DX asked if she thought the things being exchanged were drugs. “I do not know,” she said. She quickly informed the person on her porch that she would enforce a “trespass [notice]” if the individual continued to sleep on her property. The homeless person left.

Each business owner told DX that they believed the homeless were drawn to the area by individuals and religious groups that feed them on the street and infrastructure like power outlets in the park that the homeless use to charge their cell phones. Typically, DX was told, they come in waves out of the nearby bus depot/train station and sometimes out of an unmarked van.
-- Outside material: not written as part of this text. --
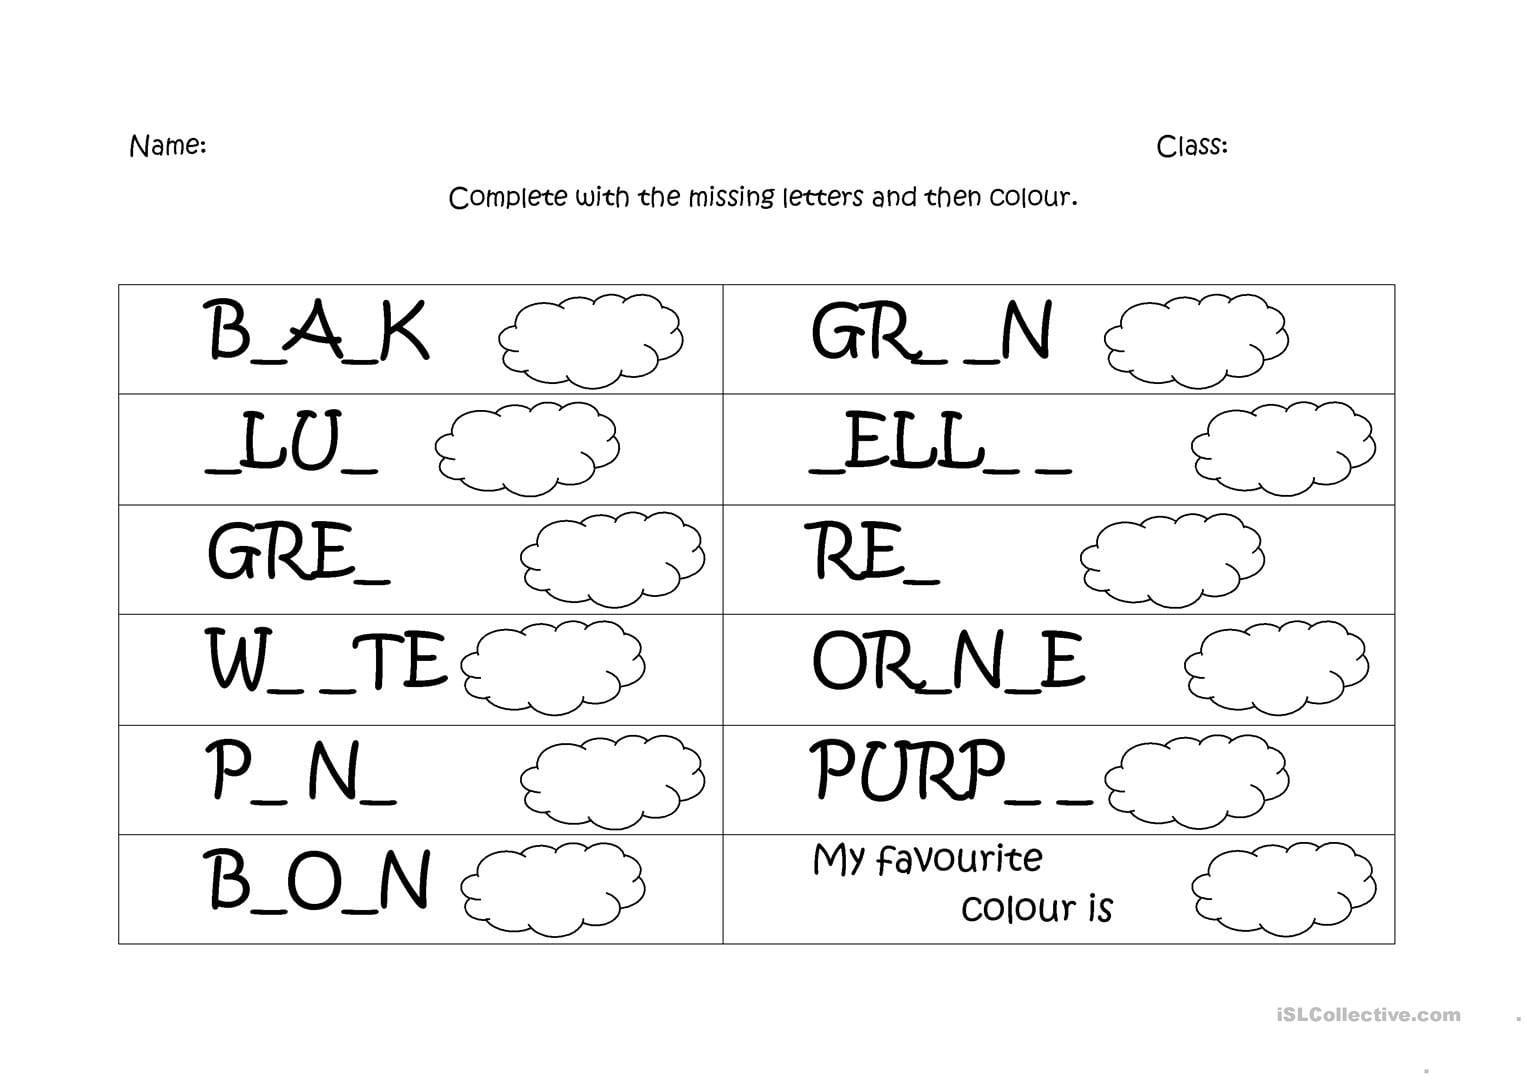 Colours Spelling Worksheet  Free Esl Printable Worksheets Made Or Spelling Color Words Worksheet

Homelessness has become a major issue in Irving’s ongoing city council election. The race between Luis Canosa and Susan Motley for Irving City Council Place 4 has made a proposed plan to build a homeless shelter in Irving a major point of contention between the two campaigns. Plans to build the shelter have been subordinated to an informal tentative earmark deal that is currently set to direct a large federal grant to revive a domestic violence shelter project in Irving.
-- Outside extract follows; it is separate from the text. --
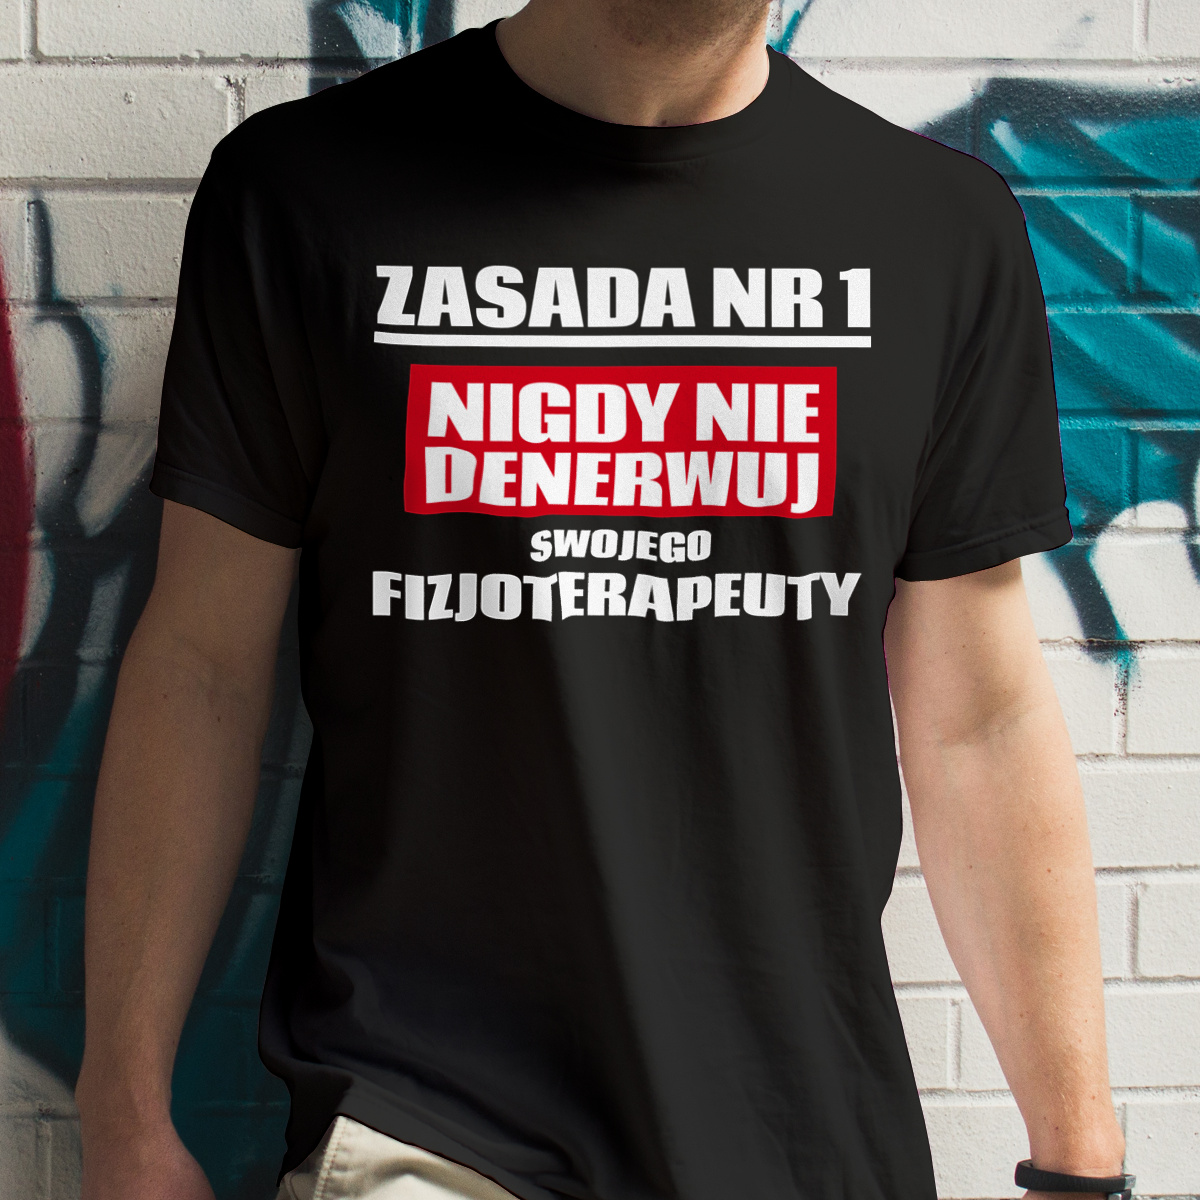 Zasada Nr 1 - Nigdy Nie Denerwuj Swojego Fizjoterapeuty - Męska Koszulka Czarna

The results of the election could finally and formally decide this issue.

“If the homeless shelter had been approved, Irving would be on a path to seeing a big surge in homelessness,” Canosa said in an interview with The Dallas Express.

“The fact that my opponent considers it a ‘shame’ that building a homeless shelter in Irving was defeated by just one vote proves that she is out of touch with the residents of District 4,” he added, referring to a prior attempt at getting such a project off the ground.

“Families move to Irving instead of Dallas because the magnitude of certain problems is much smaller in the suburbs,” Canosa pointed out. “It doesn’t make sense for Irving to use its limited resources to open a homeless shelter so costly that the $3 million [Department of Housing and Urban Development] grant would disappear like a drop in the bucket and leave the taxpayers holding the bag.”

He also warned that homeless shelters attract various forms of social decay.

“We need to use law enforcement to arrest criminals dealing drugs and to restrict panhandling in areas where it is unsafe to do so. We don’t need to invest tens of millions of taxpayer dollars to put in place ineffective programs that will just serve as magnets for the homeless of Dallas,” he added.

Certainly, one of these most pronounced issues in Dallas is homelessness. Polling has suggested that more than three-fourths of Dallas residents are dissatisfied with the state of vagrancy and panhandling in the city. Respondents also indicated their support for a “one-stop-shop” model of homeless services like in downtown San Antonio, where Haven for Hope has reportedly reduced unsheltered homelessness.

Motley supports several types of homeless shelters, according to The Dallas Morning News.

We asked McDaniel what she thought of the possible construction of a homeless shelter in Irving. She was measured in her reply.

“I honestly don’t think a homeless shelter will help them much. When given the option, they don’t choose to go there,” the doctor said, explaining that she had been told as much by homeless people with whom she’d had conversations. “Our funds should go into clean up and managing criminal behavior.”

“I think a domestic violence shelter would be better suited [for Irving’s needs],” she added.

She also suggested there should be “a city committee to deal with these things like cleanup” because she feels existent resources are almost exclusively for the homeless themselves and not for the housed people contending with the challenges that come from having a large homeless population in the areas where they work or live.

McCallum categorically opposed the building of the shelter.

“It will only bring in more crime, drugs, and homelessness,” she began, before being interrupted by other women in the beauty shop who unanimously agreed and repeated her sentiments.

Irving PD was contacted for comment on the crime in Old Town but did not respond.

Early voting in the Irving City Council race began on June 3 and continues through June 11. Election day is Saturday, June 15.